Старая статья, опубликованная лет восемь назад. Повторю здесь. К месту. К мыслям. По мотивам восприятия напишу 15 августа. Интересно, что изменилось...
«… А потом придет она, собирайся скажет, пошли. Отдай земле тело...» 15 августа 1990 год. 12 часов 38 минут Московского времени. 35 километр трассы Слока – Таиси. Водитель автомашины «Москвич 21 41» Цой Виктор Робертович уснув за рулем и не справившись с управлением, врезался в автобус – сухая статья в газете.
«Когда я увидела фотографию машины, то поняла, выжить, находясь в ней было не возможно» — реплика официальной жены Цоя, Марьяны.… Женька сплевывает горькую слюну, и немного хриплым голосом напуская на себя взрослость, говорит – «Не верится что-то, то писали на мотоцикле теперь вот на машине...» Нам по пятнадцать, в памяти еще живой концерт Цоя во Дворце Спорта. Смерть в этом возрасте воспринимается как, что-то романтическое, вроде затяжки сигаретой. Организм еще не привык к никотину, подташнивает, кружится голова. Но как это шикарно выпустить клуб дыма, и отправить щелчком окурок далеко в сторону. Так и смерть кажется, что тут, « окурок с оплавленным фильтром брошенный тем, кто хочет умереть молодым...»

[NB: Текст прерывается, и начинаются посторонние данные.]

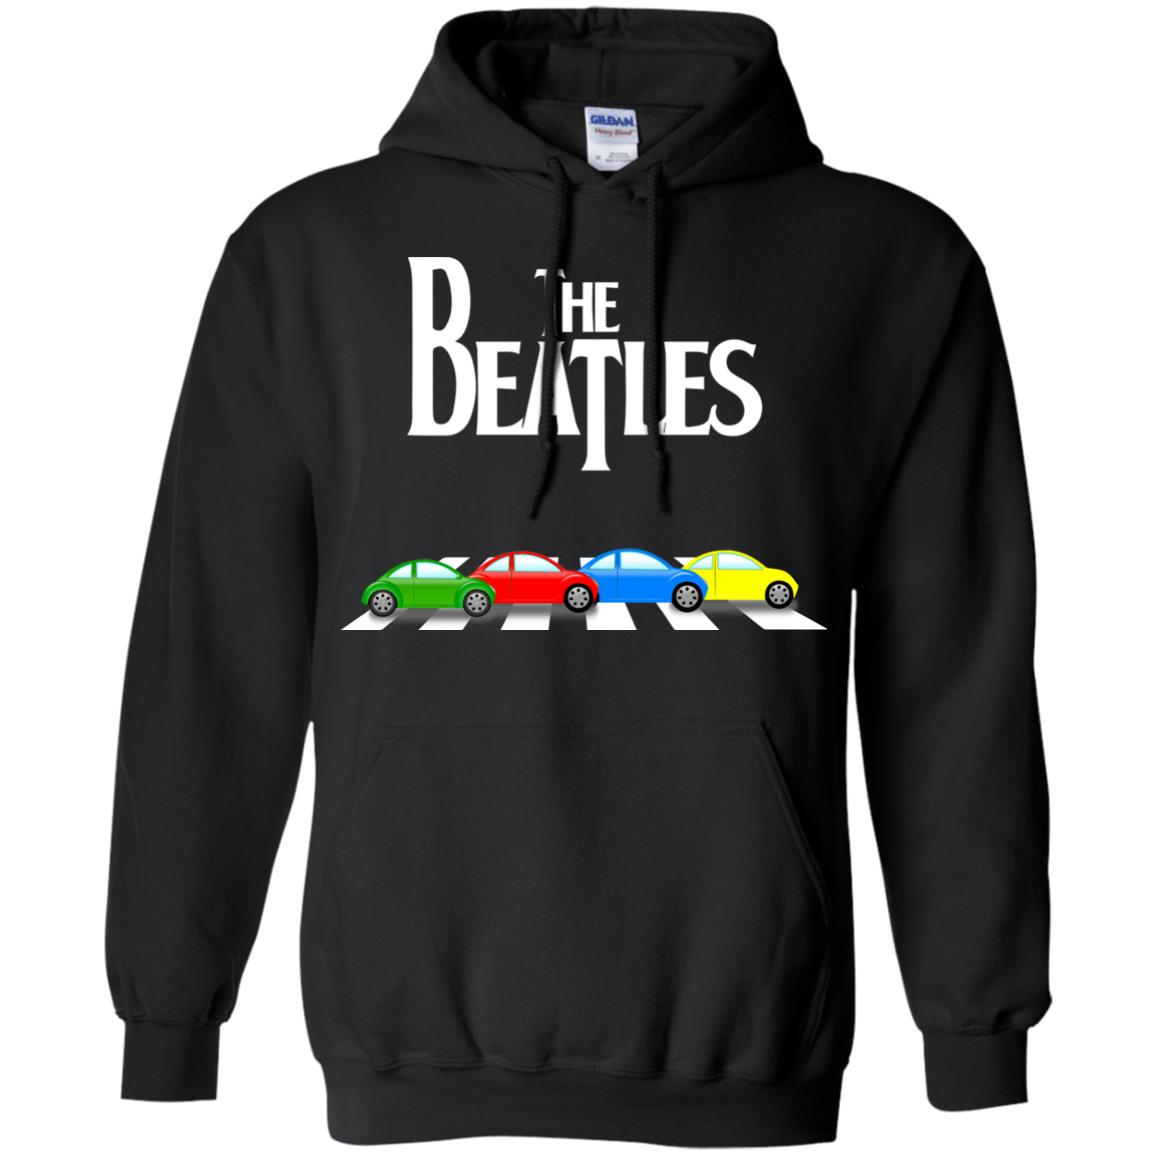 image 330 - The Beatles cars shirt, hoodie, tank

15 августа 1991 года. Тогда еще Алма – Ата. Проспект Горького – местный Арбат. Вечер, в подземном переходе и около ЦУМа горящие свечи. Стены покрыты причудливой вязью букв, при ближайшем рассмотрение складывающимися в фразы. Короткие, отрывистые, они больше похожи на крики: Цой – жив, Бог вернулся на небо. Мы с Женькой приехали к стене Цоя утром, поставили свечи, толком еще не понимая за чем, так символ. В нашем поступке больше дани моде на Церковь, что обрушилась на атеистическое воспитание подобно снегопаду. Христос не понятен, но иконы, пение, свечи- романтика. Стены наших комнат оклеены Цоевскими плакатами, первый глоток свободы коммерции. Посмертное издание черного альбома, с пакетом и постером. Только все это продается отдельно. Пластинки в «Мелодии», атрибутика на базаре. Грандиозный концерт в Москве, звезды русского рока отдают дань памяти погибшему герою. Башлачеву также отдавали дань, но было тише и скромнее, без панихид на стадионах и трансляций по ЦТ. Тогда в СССР были другие Боги, и другой траур.

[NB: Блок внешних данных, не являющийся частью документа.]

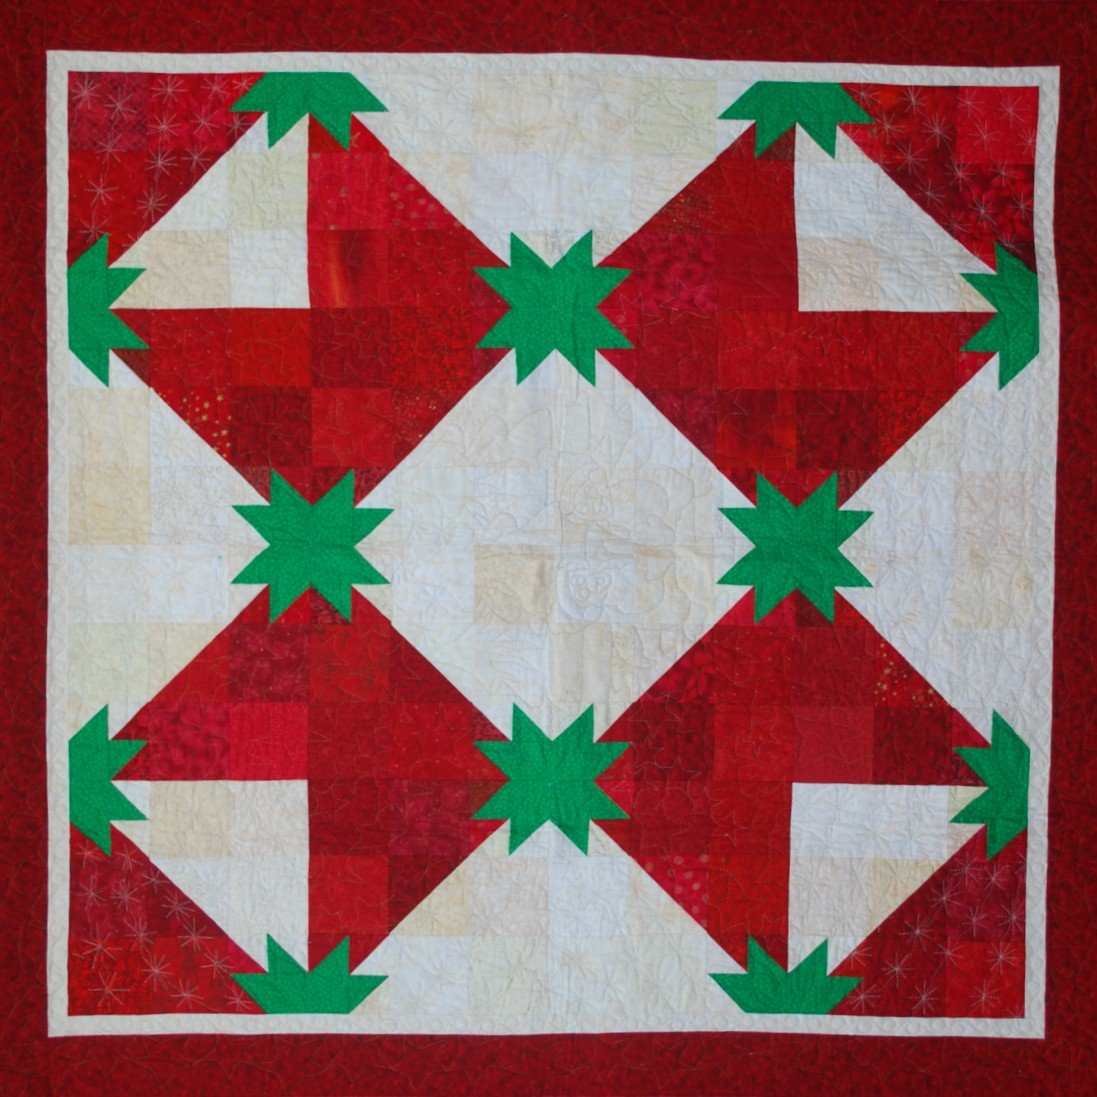 22-563 Christmas Scraphunter's Star 2

15 августа 2005 го. Алматы. Проспект Жибек – Жолы. Подземный переход приютивший кафе, музыкальный магазин и парикмахерскую. Обрывочные надписи Король и Шут, Ария. Что ж, у нового времени свои герои, но вот промелькнуло — Кино. И сразу повеяло 90- ыми. Хрипом Романтиков, подпрыгиванием иглы на виниловом диске и легким привкусом отчаяния, напоминающим вкус портвейна Талас, купленным за 25 рублей в первом попавшемся турчатнике. Наслоение воспоминаний и предчувствий. Последний романтик конца 20 – века ушел в осень. Евгений Николаевич, брезгливо осматривает меню кафе, качает головой.-«Нет ты уж меня уволь но есть, и тем более пить я здесь не буду. Отравят, да и по сути стены нет, Арбат тоже считай, что умер. Вот передавали рекламу, в клубе… вечер памяти, Рванем? Вроде клуб приличный, команды местные будут.» Вечно русское желание горевать на виду. Да и какое то горе? Да, теперь мы начинаем понимать смерть, часть одноклассников, друзей по двору – шагнули в неё. Для кого омут иглы, для кого пуля на беспредельных разборках начала 90 – х. Смерть одновременно приблизилась, и в то же время отстранилась, стала чужой, неприятно безразличной. Песни уже оцениваются сначала по качеству записи, потом идет смысл. Хрип и жевание магнитофонной ленты в прошлом. Цой и его время – легенда, «… я знаю что смерть стоит того чтобы жить, а любовь стоит того что бы ждать...».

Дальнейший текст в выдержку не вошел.